Zygmunt Haupt (5 March 1907, in Ułaszkowce, Podole – 10 May 1975, in Winchester, Virginia, United States) was a Polish writer and painter.

Biography 
His father Ludwik was a school inspector, mother was a teacher. Initially he attended a school in Tarnopol. In 1925 he graduated from Kopernik gymnasium (high school) in Lwów and later studied engineering and architecture at the Lwów Politechnic. After the death of his father in 1928, he went to Paris, where he studied urban studies in 1931-1932 at Sorbonne. He started to write and paint there. After return to Lwów he became active in local cultural life.
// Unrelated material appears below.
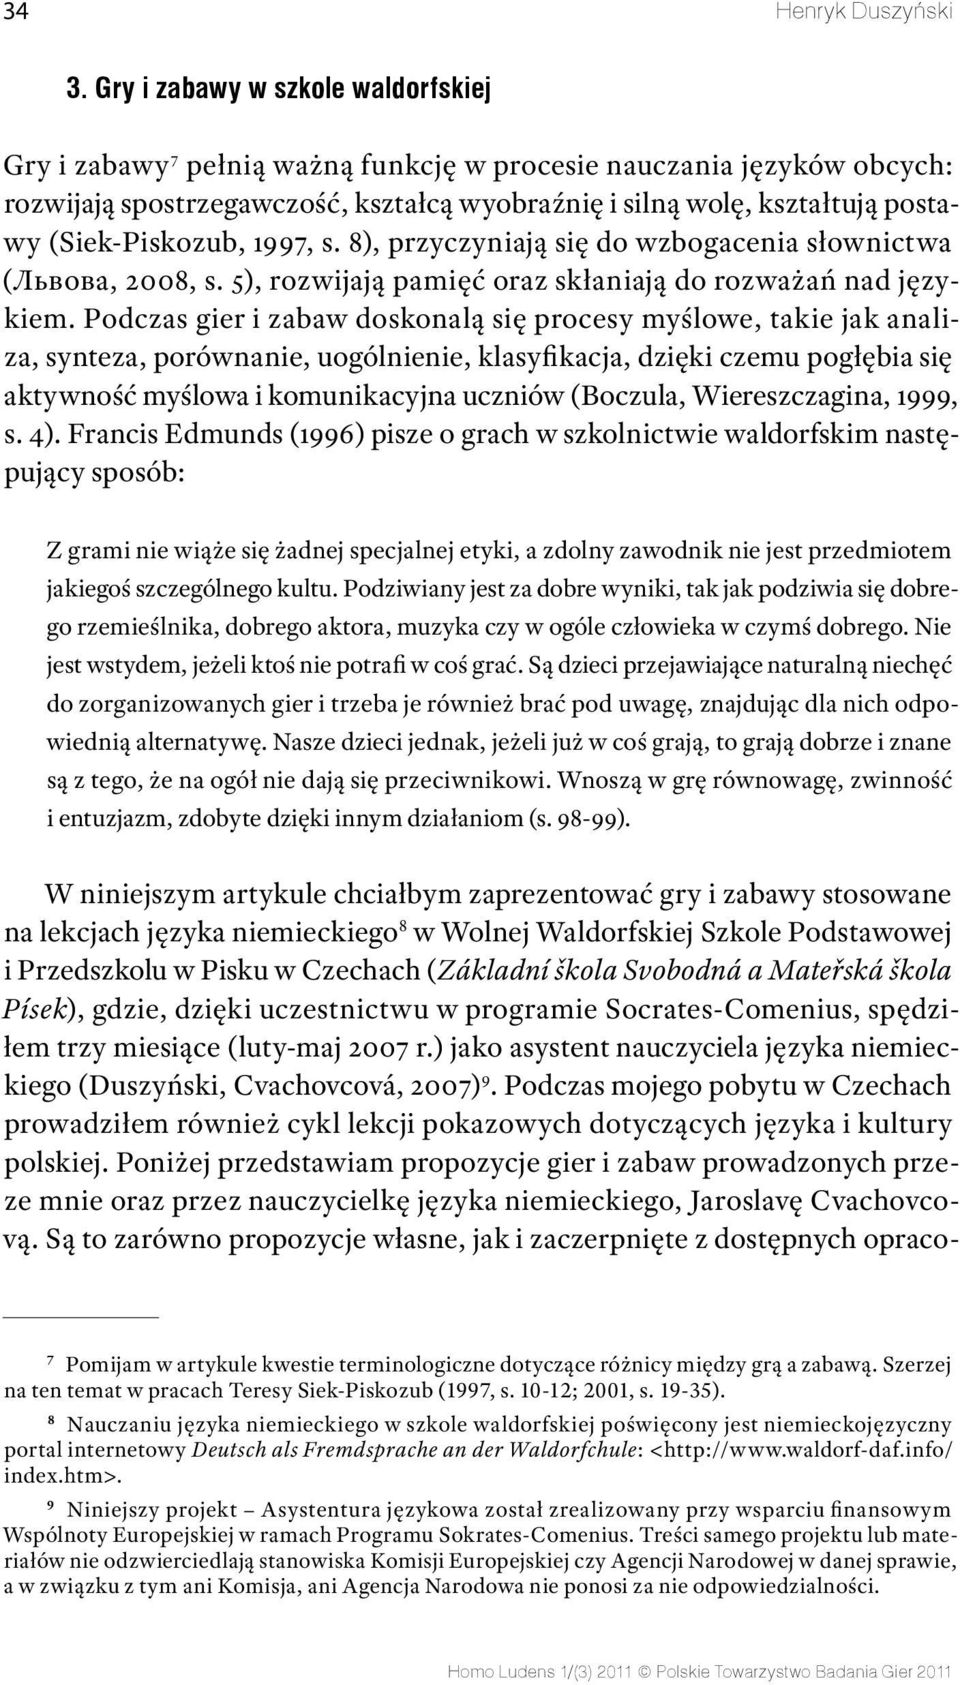 (Siek-Piskozub, 1997, s. 8), przyczyniają się do wzbogacenia słownictwa (Львова, 2008, s. 5), rozwijają pamięć oraz skłaniają do rozważań nad językiem.

In 1939 he was mobilized into the army and fought during the Invasion of Poland in the 10th Brigade of Motorized Cavalry of colonel Stanisław Maczek. After the Soviet invasion of Poland Haupt fled to Hungary and later to France. He survived the siege of Dunkirk and was evacuated to England. He served in the Polish army until 1946.

At the end of the war, Haupt married American Edith Norris from New Orleans, whom he met in Great Britain. They married in London and later moved to New Orleans, New York and Washington, settling in Virginia, where he lived the rest of his life. For three decades he contributed stories, articles, and memoirs in Polish to several periodicals, including the Paris-based emigre journal Kultura.

Awards that he received were Kultura'''s 1962 prize for literature, and the 1971 award of the Koscielski Foundation of Geneva for his contributions to Polish literature.

During his lifetime, Haupt published only one book, Pierścień z papieru (Paper Ring) in 1963 in Paris. After suffering a heart attack, Haupt died 10 May 1975 in the hospital in Winchester, Virginia. He was buried in New Orleans.

 Works 
 Pierścień z papieru (1963) - short story collection
 Szpica. Opowiadania, warianty, szkice (1989) - short story collection
 Baskijski diabeł (2007) - large collection of short stories and reports
 Z Roksolanii'' (2009) - collection of early writings, journalism, drawings

Footnotes

References

External links
 Zygmunt Haupt Papers at Stanford
Biography at Culture.pl (English)

1907 births
1975 deaths
Polish male writers
20th-century Polish painters
20th-century Polish male artists
University of Paris alumni
Polish emigrants to the United States
Polish military personnel of World War II
Polish male painters
People from Ternopil Oblast
People associated with the magazine "Kultura"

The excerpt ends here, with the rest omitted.